The fetus has a unique circulatory pattern because the placenta, not the lung, serves as the organ of gas exchange. Less than 10% of the cardiac output is circulated through the pulmonary vascular bed, and the placenta, as the organ of gas exchange, receives nearly half of the cardiac output. Pulmonary blood flow remains low due to elevated pulmonary vascular resistance; pulmonary pressure is equivalent to systemic pressure due to active vasoconstriction. Fetal circulation shunts blood from the right to left atrium across the foramen ovale and from the pulmonary artery to descending aorta through the ductus arteriosus providing direct blood flow to the placenta.
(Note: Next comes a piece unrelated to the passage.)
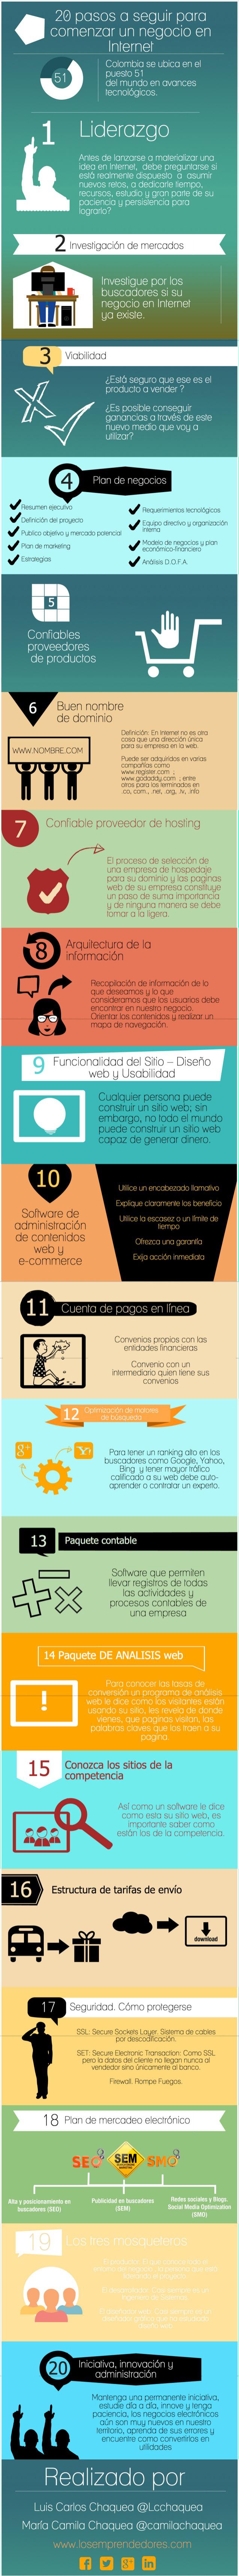 XXCómo crear un negocio en Internet en 20 pasos #Infografía

The fetal lungs produce fluid that fills the alveoli, bronchi, and trachea. At birth, catecholamines and other hormones that increase during labor cause a rapid switch from net secretion to net absorption of liquid in alveolar spaces. As the lungs fill with air, lung fluid is removed via the trachea and absorption by the pulmonary capillaries and lymphatics. Pulmonary vascular resistance drops dramatically and permits an 8 to 10 fold rise in pulmonary blood flow. Simultaneously, the low vascular resistance bed of the placenta is removed and systemic vascular resistance increases. As pulmonary pressure falls to less than systemic pressure, pulmonary blood flow increases and blood flow through the patent ductus arteriosus reverses direction. Functional closure of the ductus occurs over the first several hours of life; largely in response to the increased oxygen tension. Left atrial pressure also increases leading to closure of the foramen ovale. These events therefore eliminate the fetal right to left shunts, and establish the normal postnatal circulatory pattern of pulmonary and systemic circulations. Within 24 hours after birth, pulmonary artery pressure typically decreases to approximately 50% of mean systemic arterial pressure, and continues to drop over the next 2–6 weeks until adult values are attained.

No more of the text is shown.